自身の口から出た変な声にも驚いて。そして恥ずかしくて。
「ちょっとごめん」
俯きながらまた妙な音が漏れ出ぬように唇を噛み締めた。
けれど、
「軽く手当てするから…我慢して」
「イ゙ッ…!!」
けれど、本来は飲む為に持っていたのだろうペットボトルの水をドバドバとかけられてからティッシュで強めに傷口を押さえ込まれて。それが痛くて痛くて堪らずに低く可愛くない悲鳴が口から出てしまう。

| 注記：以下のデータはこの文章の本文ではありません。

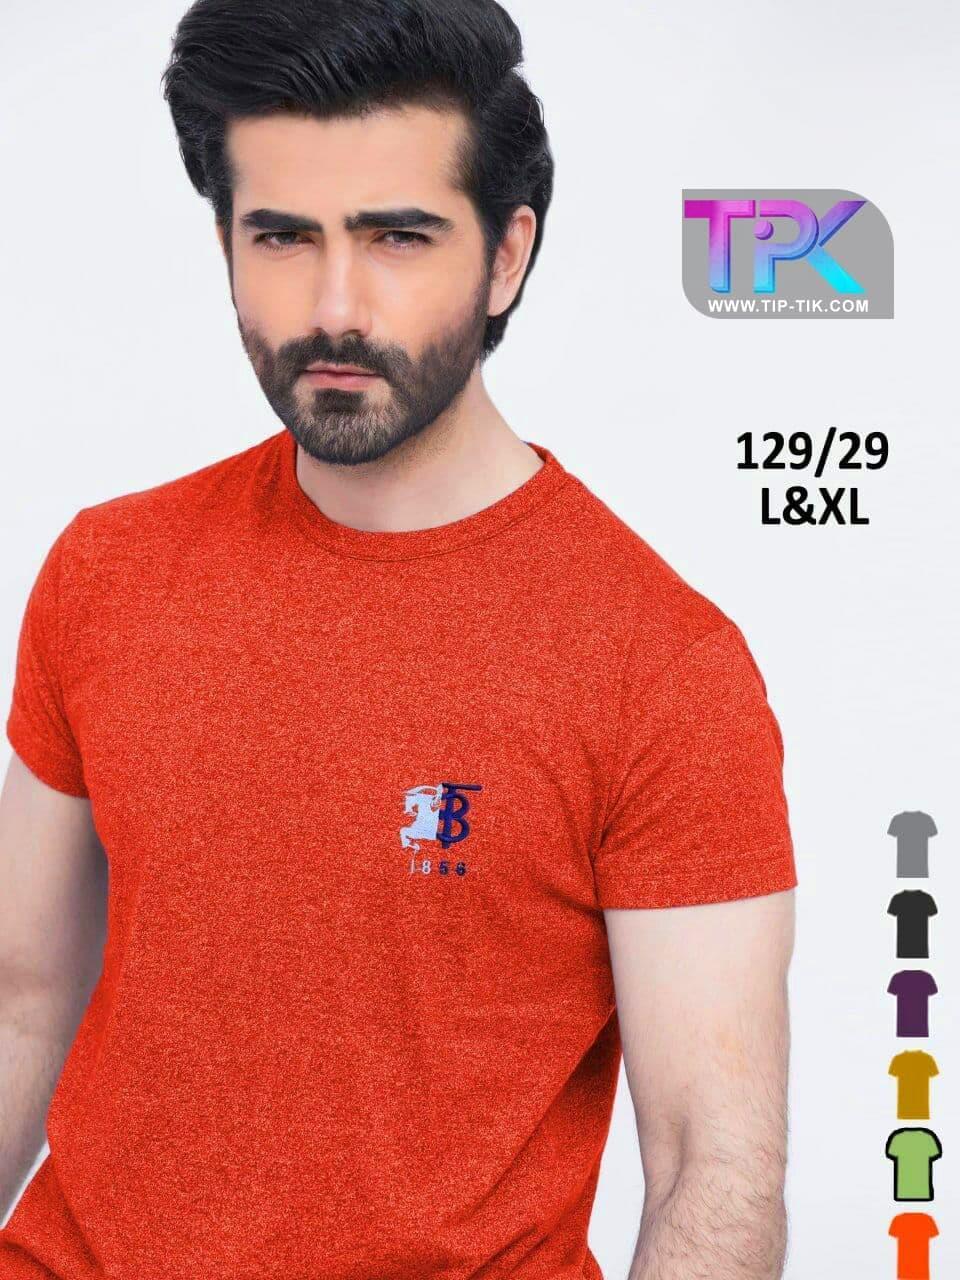 تیشرت تک مردانه<br/>جنس: #اسپرت<br/>قیمت:#80000<br/>سایز:#L&XL<br/>کد: #129/29<br/>رنگ بندی:#6_رنگ<br/>قیمت یک جین12تایی:960000 buy-sell personal clothing

恥ずかしくて。恥ずかし過ぎて。また声を押さえ込もうと唇を強く噛み締めた。
「ぁっ、駄目です!ハンカチが汚れちゃいます…!!」
いや、゙噛み締めようとしだと言った方が正しいか。
男性が傷口に綺麗な白いハンカチを巻き付けようとしているのを見つけ、慌てて口を開いた。
「ん?大丈夫だよ?」
「で、でも…!」
「そんな事より後で膿んだりしたら大変だから…。今は包帯のような都合のいいものもないしね」
「そっ、それなら私のスカーフ「女性の装身具は女性を美しく飾るための物だろ?血に濡らすべきじゃない」
だが、淡々と、それが当たり前のように言葉を紡がれて。思わず口籠ってしまう。
その間に大きく逞しい手が器用にハンカチを巻き付けていた。
「こういうのは美に関係ない男の範疇だ」
呆然と目の前にある厳つい顔を見つめていたらそれに気付いたらしい。
優しい眼差しを向けてくれながら男性の口元が柔らかく緩んでゆくのが見えた。
それに誘われたようにジンワリと白いハンカチに染み込んでゆく緋の如く自分の心にも何かが染み込んだ気がして。
「これで大丈夫…かな」
「ぁっ、ありがとうございます…!」
「ん?何が?」
「わざわざ手当てを……」
「あぁ…そんな事気にしないで良いよ。それより後でちゃんと消毒し直してね?」
「はいっ!」
鼓動がドクドクと鳴り響く。
そう。煩いと感じてしまうほどに激しく激しくリズムを刻んでいたのだ。
「あのっ!」
「ん?」
「おっ、御名前!教えて下さい!!」
「……ぇ…?」
「命の恩人にきちんと御礼したいんです!先ず御名前を…!」
「別に大した事はしてないけど…?」
「私にとっては大した事です!!」
「そんな大袈裟な」
「大袈裟じゃありま「牧」せん……って…ぇ?!」
「俺の名前だよ。牧。牧紳一」
「牧…さん……?」
「ん」
きっとこれはまだ小さな形すら危うい恋心
でも、直ぐに大きく育ちそうだと更に柔らかく笑んだ彼を見ながら何処か意識の遠くで他人事のようにそう思った。
運命?
そんなのまだわからない
でも…
でも、目の前の人にドキドキしてる
今はそれで充分――…
(牧。大まかなストーリーだけ最初に出来てたものです。
最初はパラレルの修兵か笹塚さんどちらかにしようと考えてたんですが、ハンカチとか諸々の理由で牧さんにしちゃいました。